4 gennaio 2011 - Ravenna, Cronaca

"Quel degrado lo avevamo segnalato da tempo"

Benzoni (LpRa): "Chiarezza dopo la nota dell'amministrazione"

“Quella situazione di degrado era già stata segnalata da Lista per Ravenna”. Gianluca Benzoni interviene dopo la nota con cui ieri il Comune ha dato notizia dell’intervento antidegrado nella ex pesa pubblica delle Bassette.

“In una recente nota leggo: ‘….l’intervento antidegrado in via Manlio Monti alle Bassette è scattato dopo la denuncia di un dirigente del comune’. Per una giusta informazione tengo a precisare che, come esponente di Lista per Ravenna, avevo pubblicamente denunciato nei quotidiani la grave situazione di degrado il 22 novembre scorso (leggi articolo) con tanto di foto.

La mia denuncia per la verità non fu inviata a cuor leggero, tant’è che esitai diversi mesi prima di attivarmi nella vana convinzione che non fosse necessario presentare la richiesta di un intervento antidegrado così grave ed evidente. Infatti, sollecitato dai numerosi comunicati stampa tesi a valorizzare ed enfatizzare il servizio antidegrado, ero totalmente fiducioso che una situazione così manifesta non potesse sfuggire agli ordinari controlli di monitoraggio disposti dal servizio de quo.

Trascorsi diversi mesi, vista l’indifferenza dell’amministrazione, basito dall’incongruenza fra il dire e il fare, ho ritenuto doveroso inviare una denuncia pubblica a cui stampa e quotidiani hanno dedicato ampio spazio.

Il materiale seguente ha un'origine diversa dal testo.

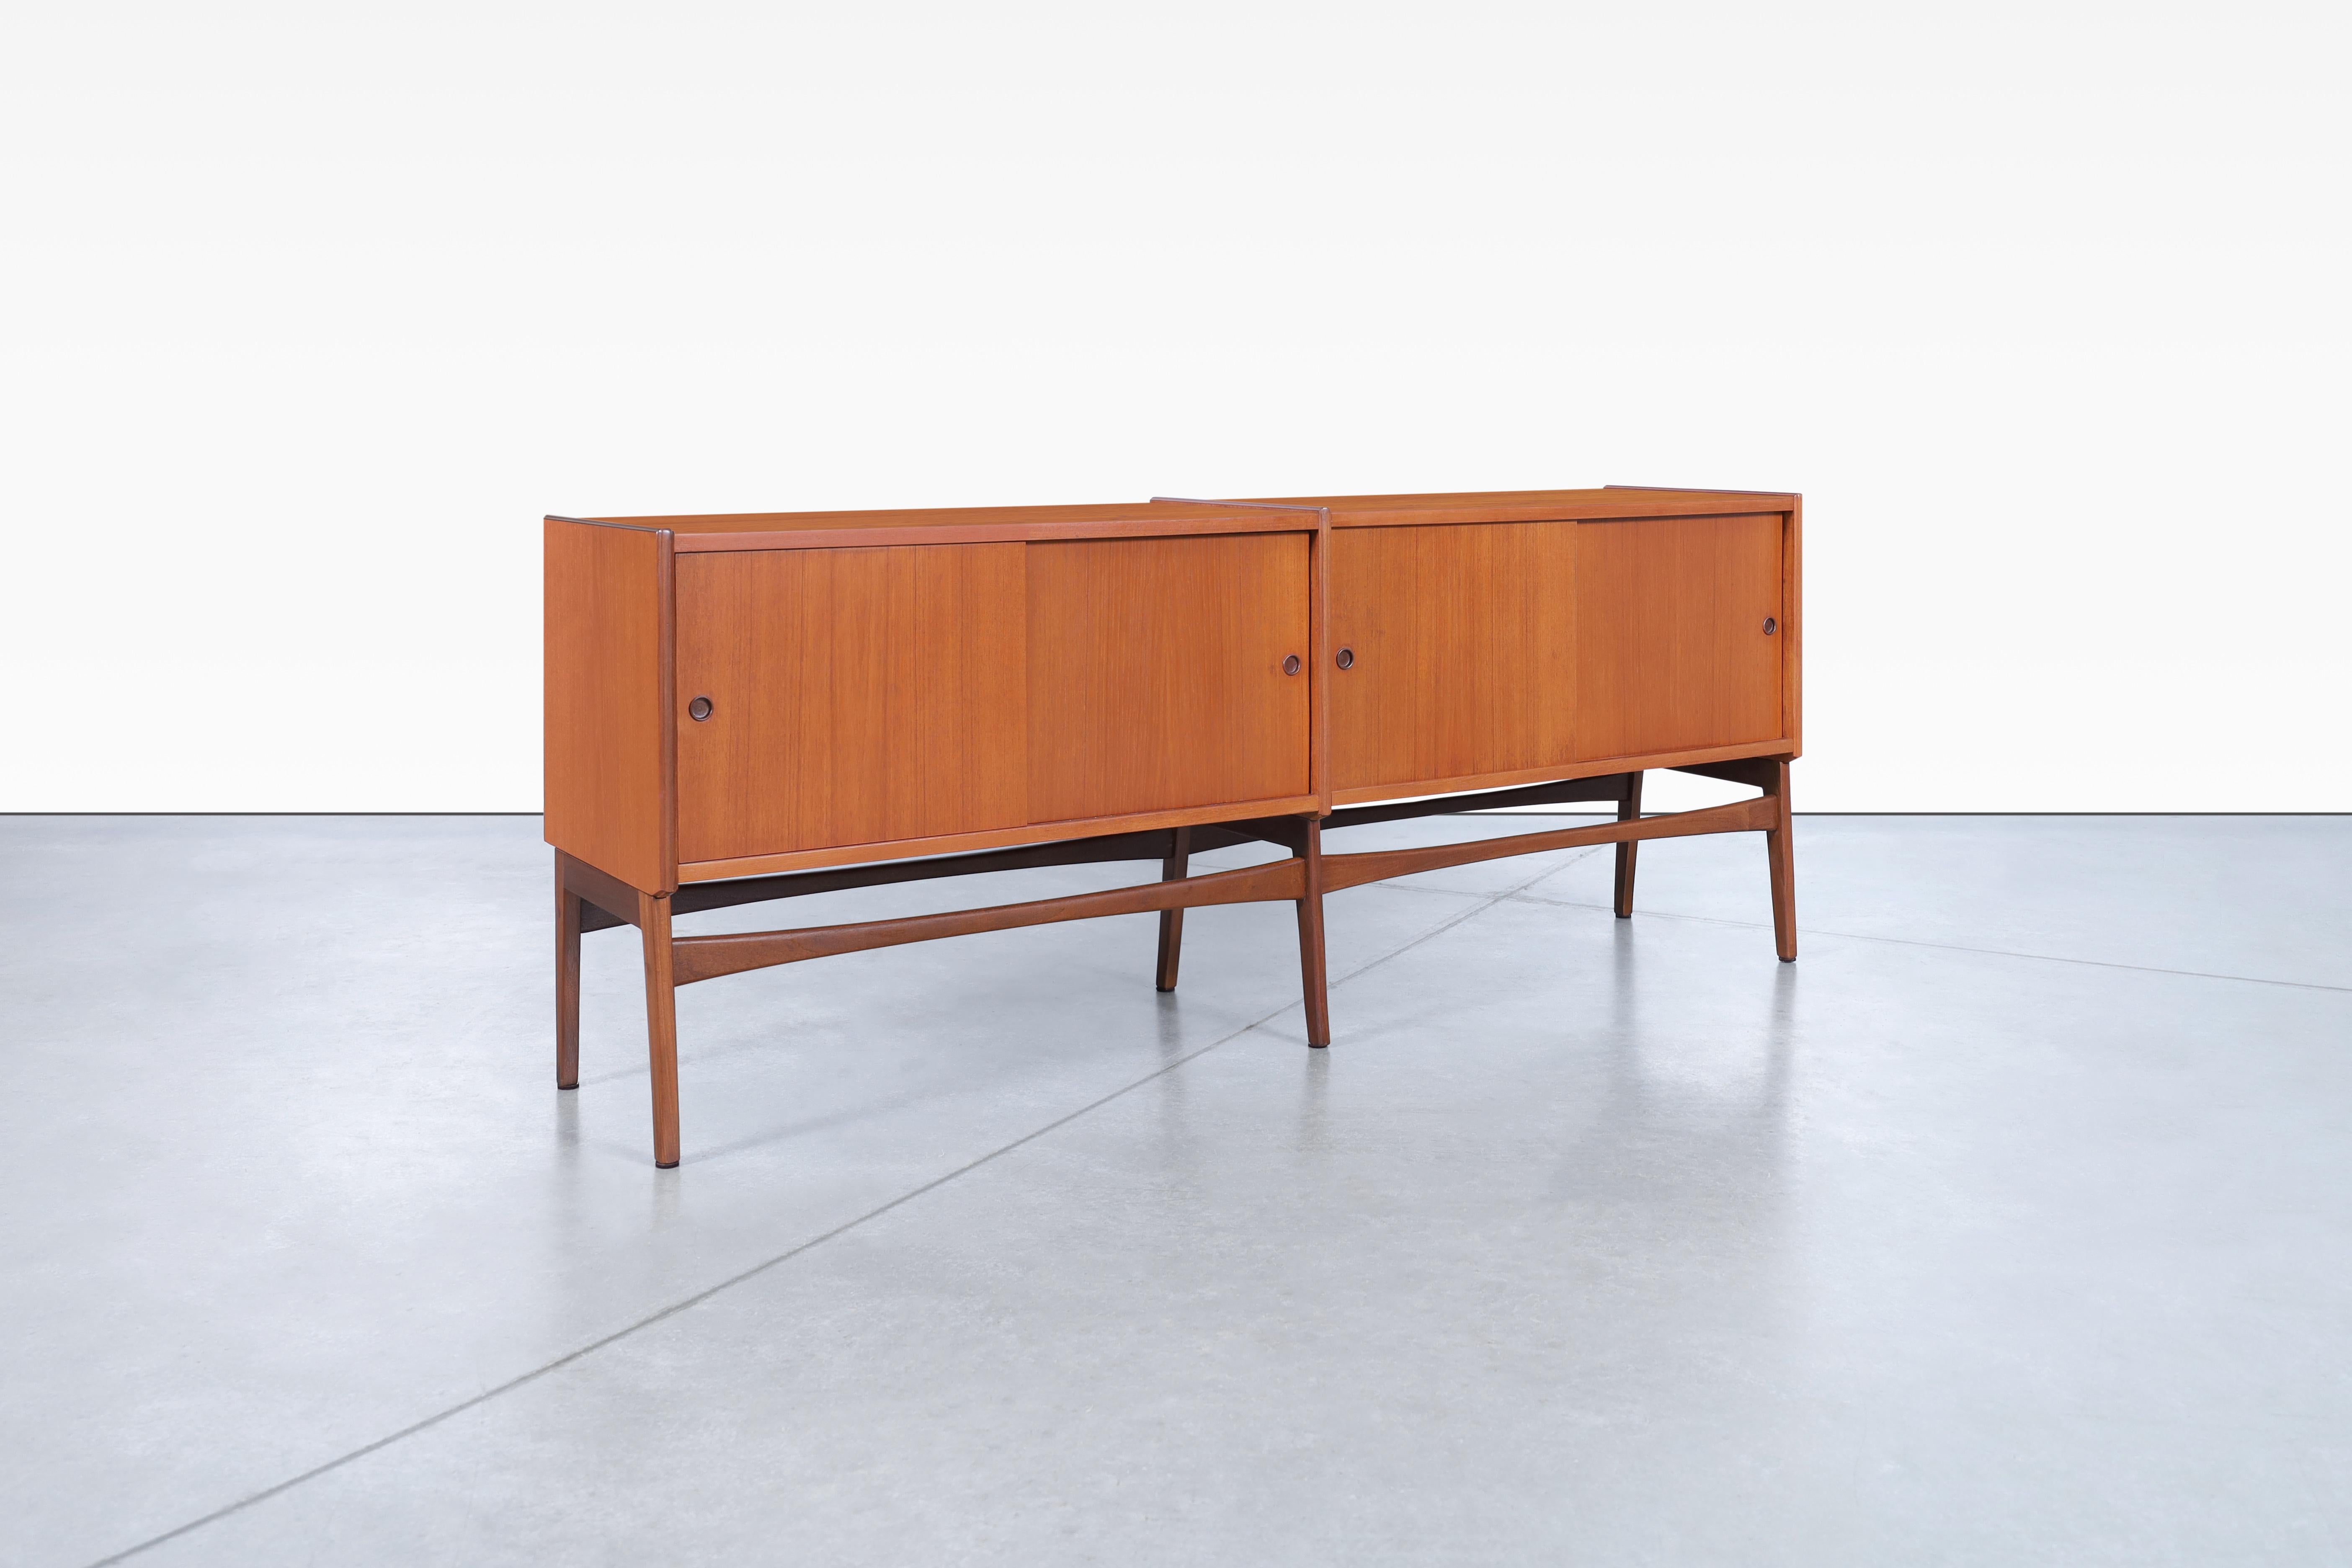 Moderne dänische Teakholz-Credenza, entworfen in Dänemark, ca. 1960er Jahre. Dieses wunderschöne, neu lackierte Möbelstück bietet vier Schiebetüren, die mühelos Ihr Hab und Gut verbergen und gleichzeitig ein elegantes Designelement in Ihren Raum

Oggi doppia delusione: prima quella di acquisire consapevolezza della cecità del servizio antidegrado, poi quella di leggere che la polizia antidegrado si è mossa grazie a una denuncia di un dirigente comunale.

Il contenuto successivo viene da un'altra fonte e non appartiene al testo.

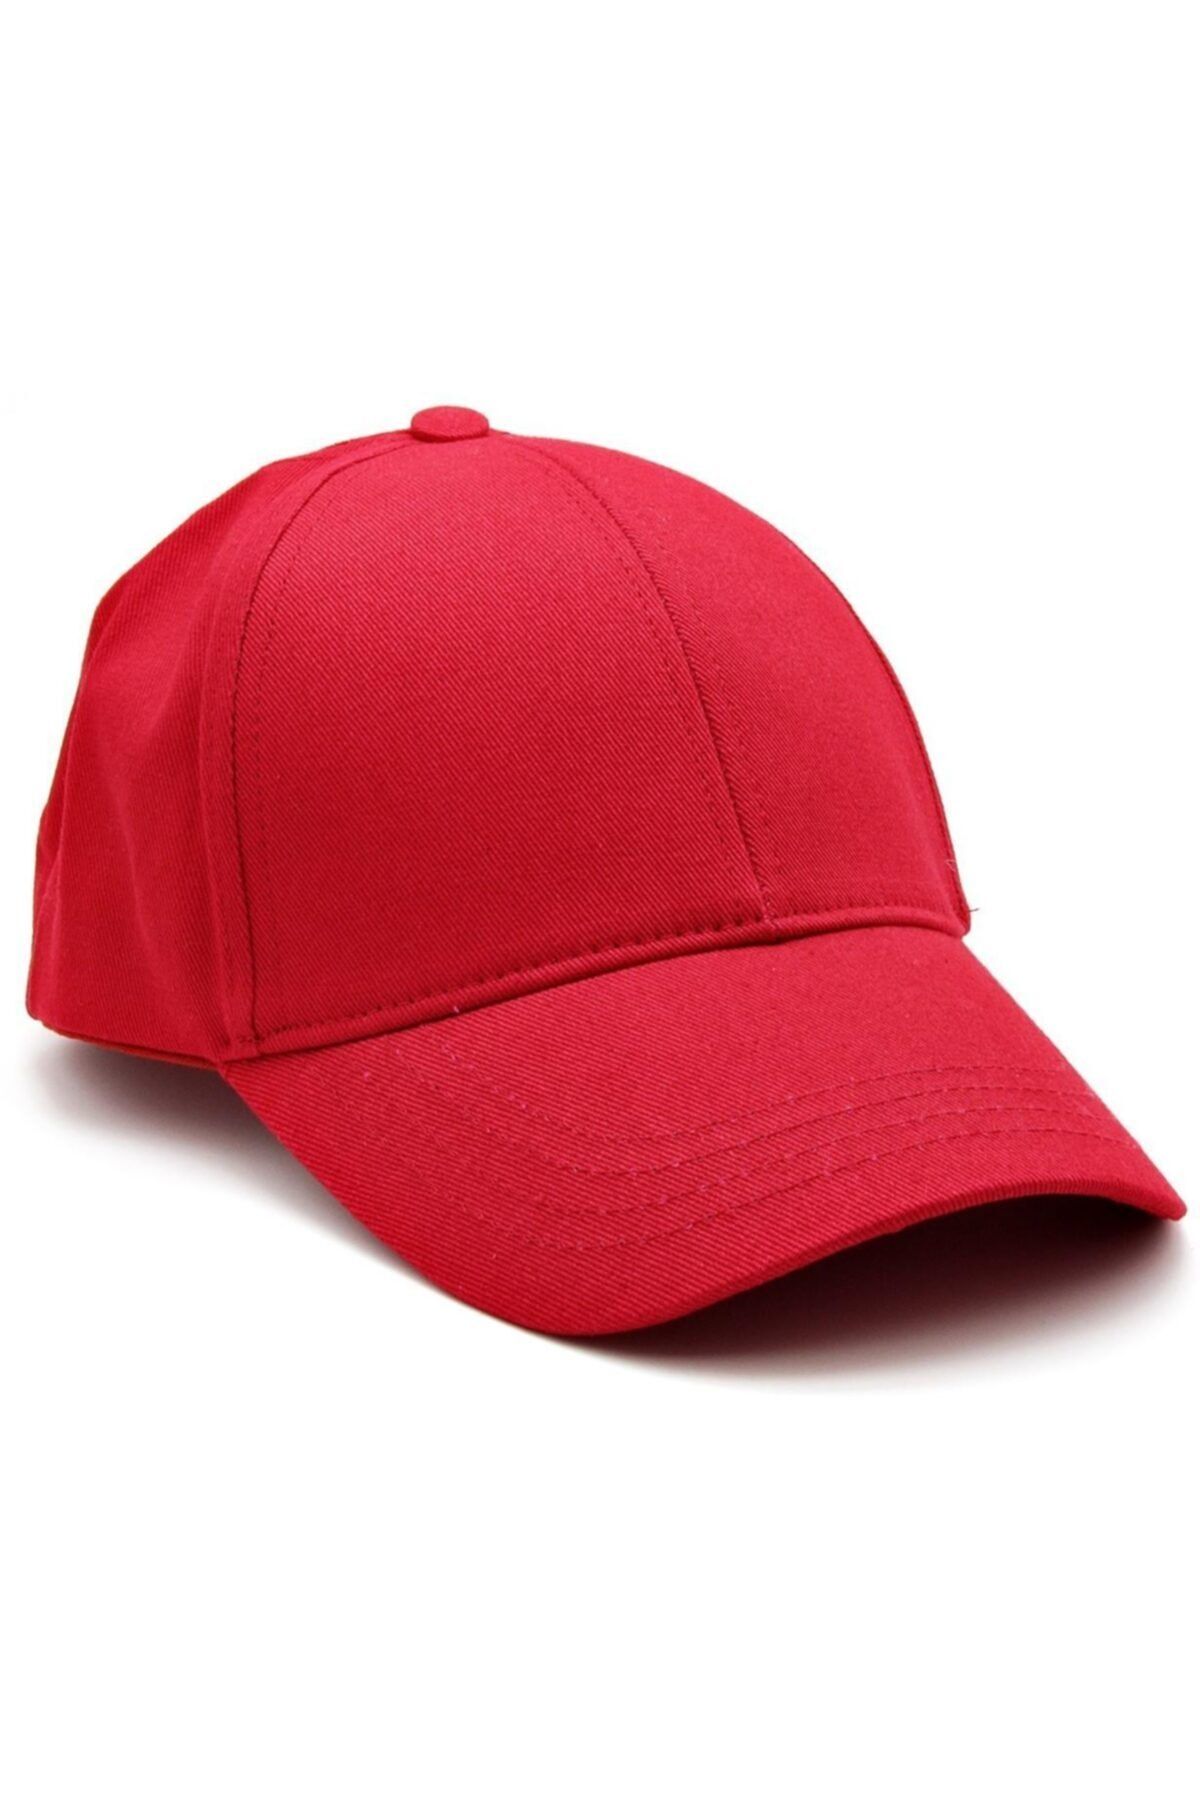 Takı Dükkanı Baskısız Unisex Cap Erkek Şapka cp219

Alla luce di quanto sopra, a noi che oggi rappresentiamo l’opposizione, non ci rimane altro che chiedere di conoscere il nome di questo autorevole dirigente comunale al quale la polizia antidegrado ha dedicato attenzione, e consentire in tal modo che anche a noi sia offerta la possibilità di percorrere quella stessa via preferenziale per avere dei riscontri alle rilevate criticità di pubblico interesse.

Aggiungo anche che, se questi episodi sono riflesso del principio di democraticità, così come inteso a livello locale, all’opposizione del comune di Ravenna non rimane altro che parlare per tramite di qualche soggetto ‘preferito’ dalla maggioranza per rendere l’illusione alla cittadinanza che a loro tutto si debba riconoscere.

Però bisogna anche ammettere che un passo avanti è stato fatto rispetto a qualche tempo, fa quando le nostre richieste rimanevano totalmente senza voce; infatti oggi qualcosa è cambiato; oggi usa che qualcuno gradito all’amministrazione, facendo proprie le nostre segnalazioni, acquisisca ampio spazio per essere ascoltato e apprezzato.

Ma il cittadino che non si lascia abbagliare dagli specchietti per le allodole, non si lascia deviare da questi ‘giochetti’. Sa, e ben comprende, quanto prezioso e utile sia il nostro contributo nella amministrazione di questa città”.